● **DIRECTIONS**
From top to bottom, retype the data exactly, passing over any picture.

● **RECORDED INFORMATION**
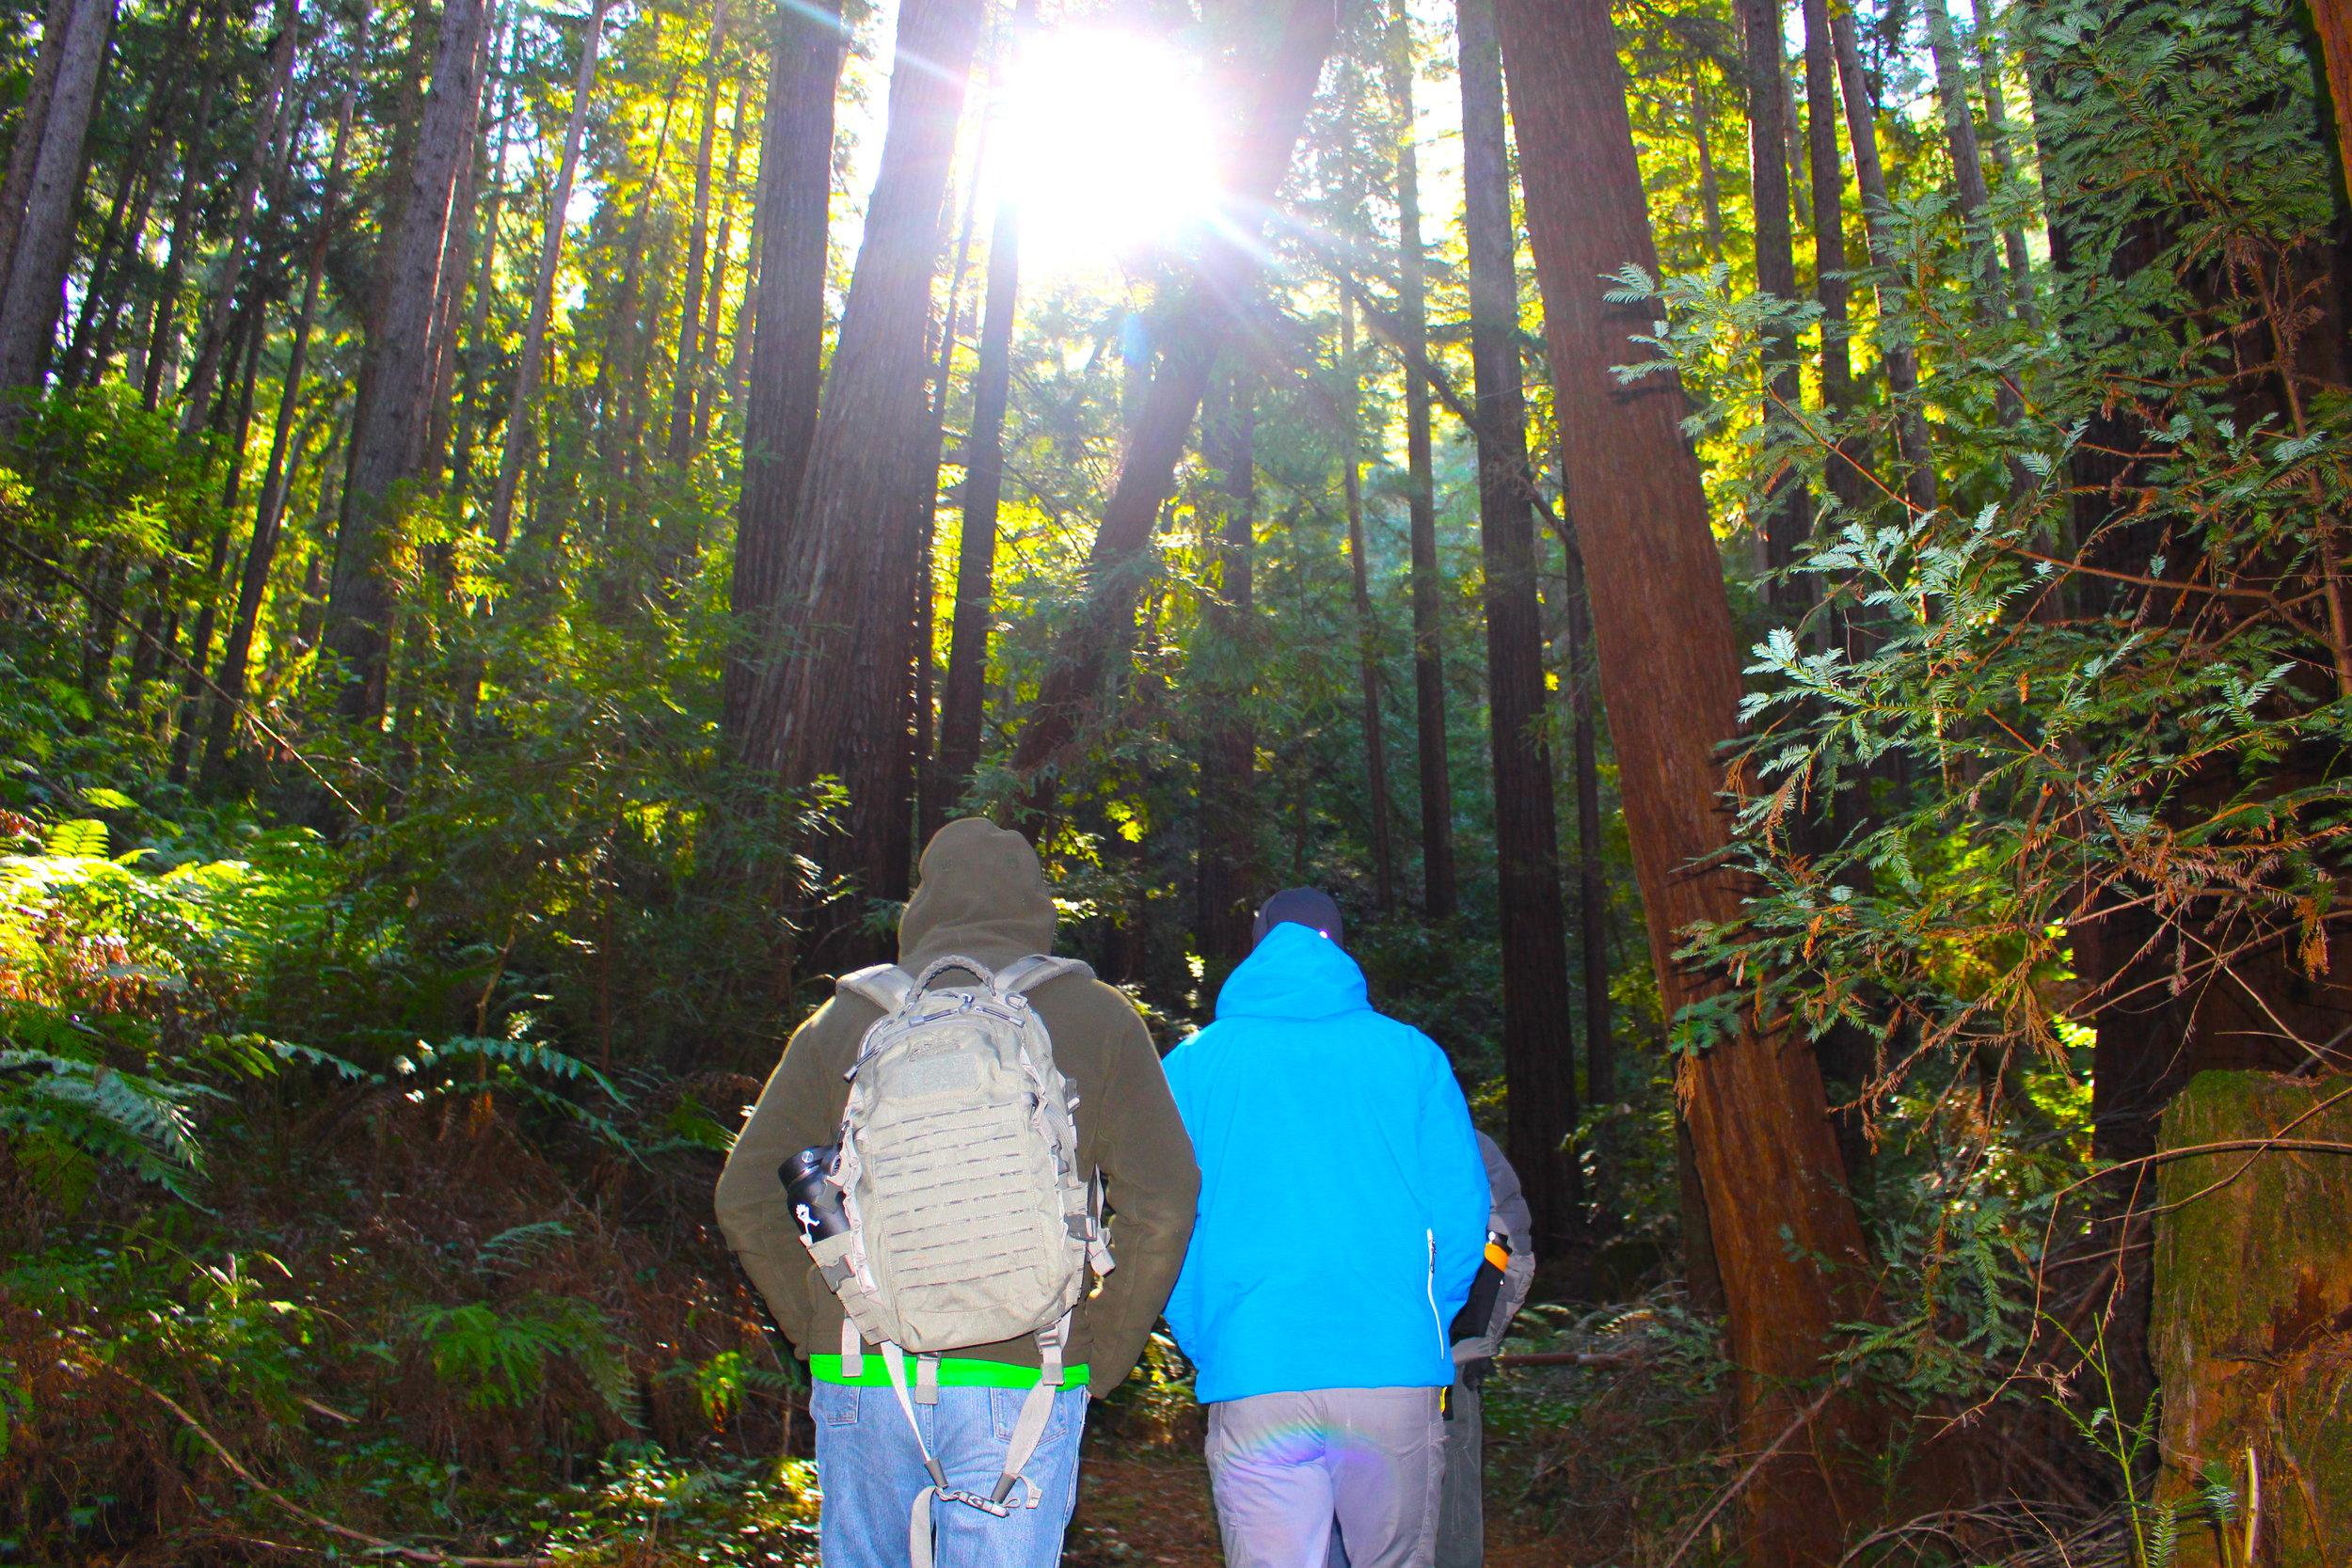 HQ bill eric joe pat Land excursion STG 001 survival training outdoors redwoods IMG_3584 (2).JPG
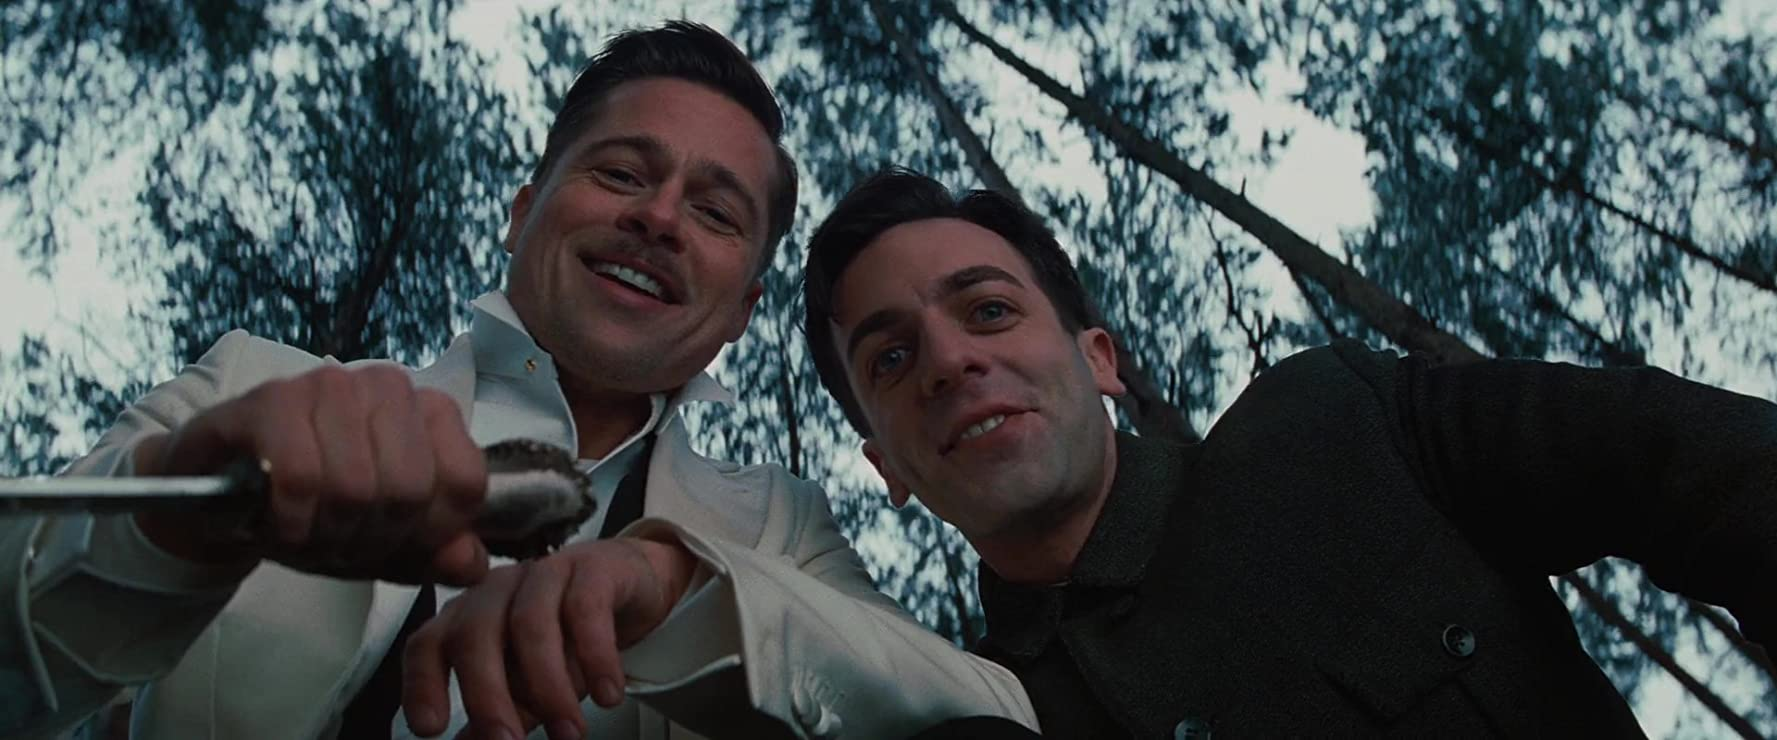 Brad Pitt and B.J. Novak in Inglourious Basterds (2009)
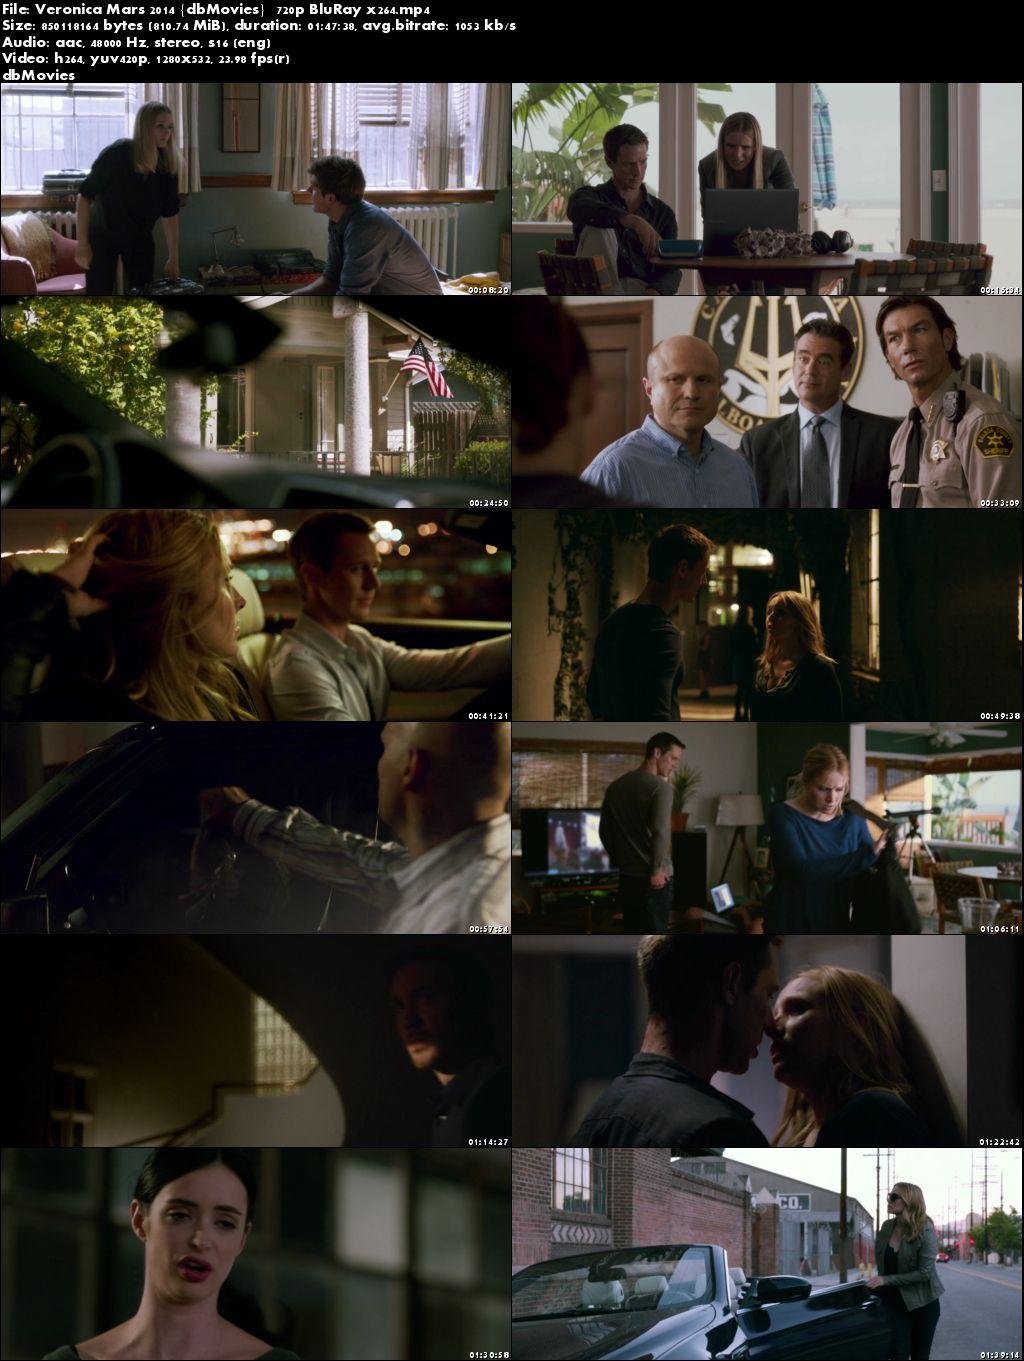 Screen Shots Veronica Mars 2014 Full Movie Download in English HD 720p
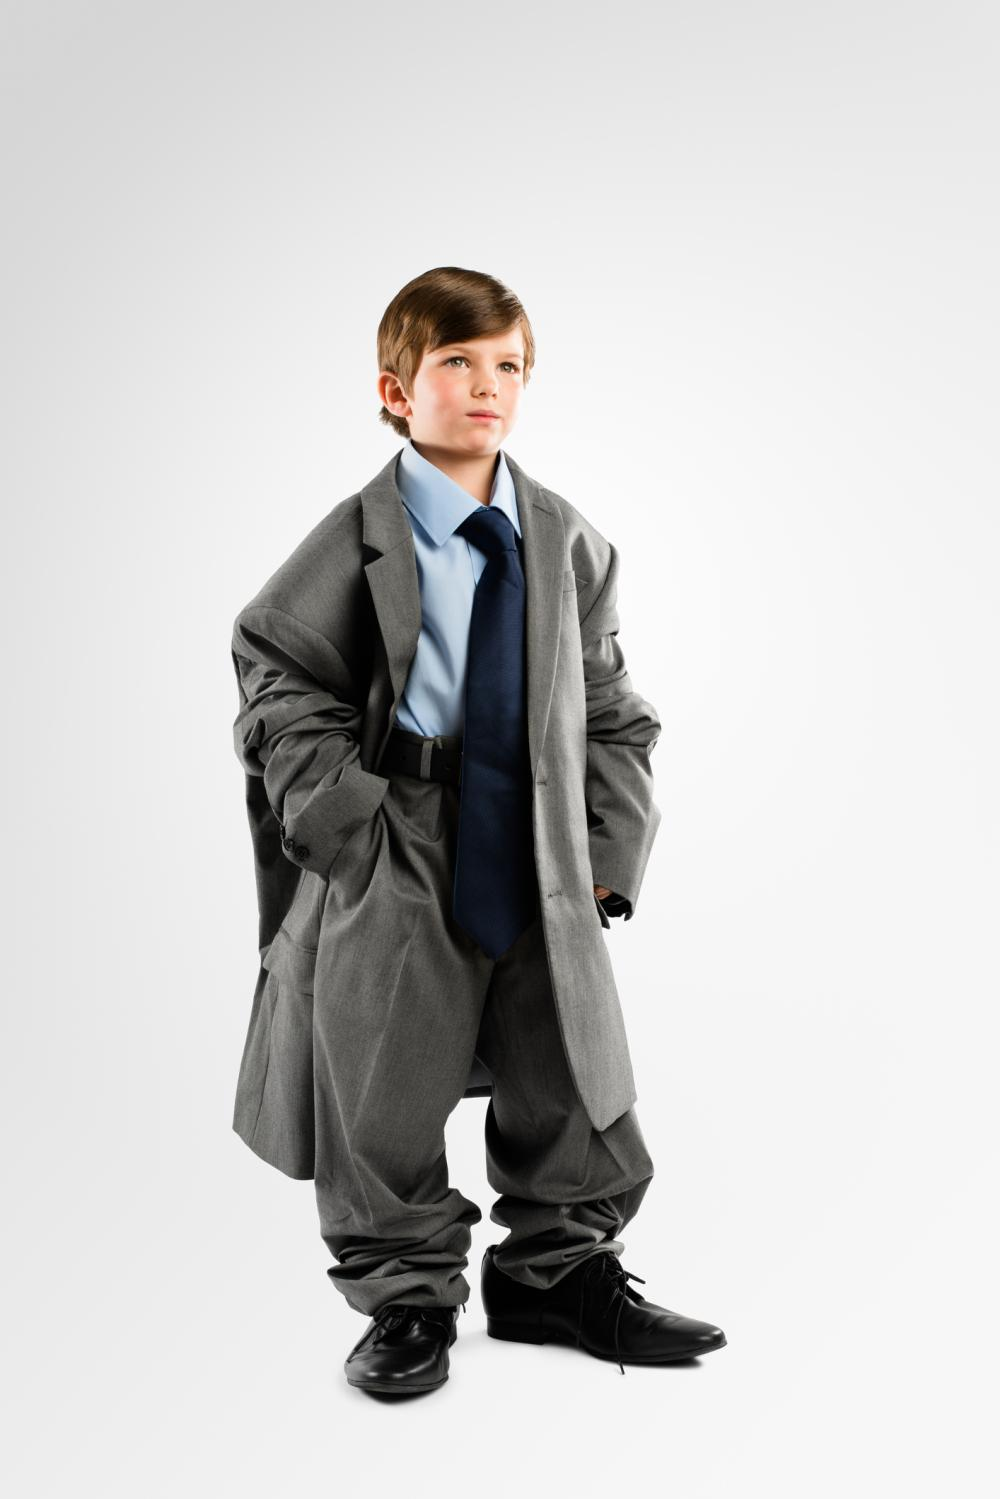 Funny diy halloween costume ideas for boys grownups

● **EXERCISE OUTPUT**
 HQ bill eric joe pat Land excursion STG 001 survival training outdoors redwoods IMG_3584 (2).JPG
 Brad Pitt and B.J. Novak in Inglourious Basterds (2009)
 Screen Shots Veronica Mars 2014 Full Movie Download in English HD 720p
 Funny diy halloween costume ideas for boys grownups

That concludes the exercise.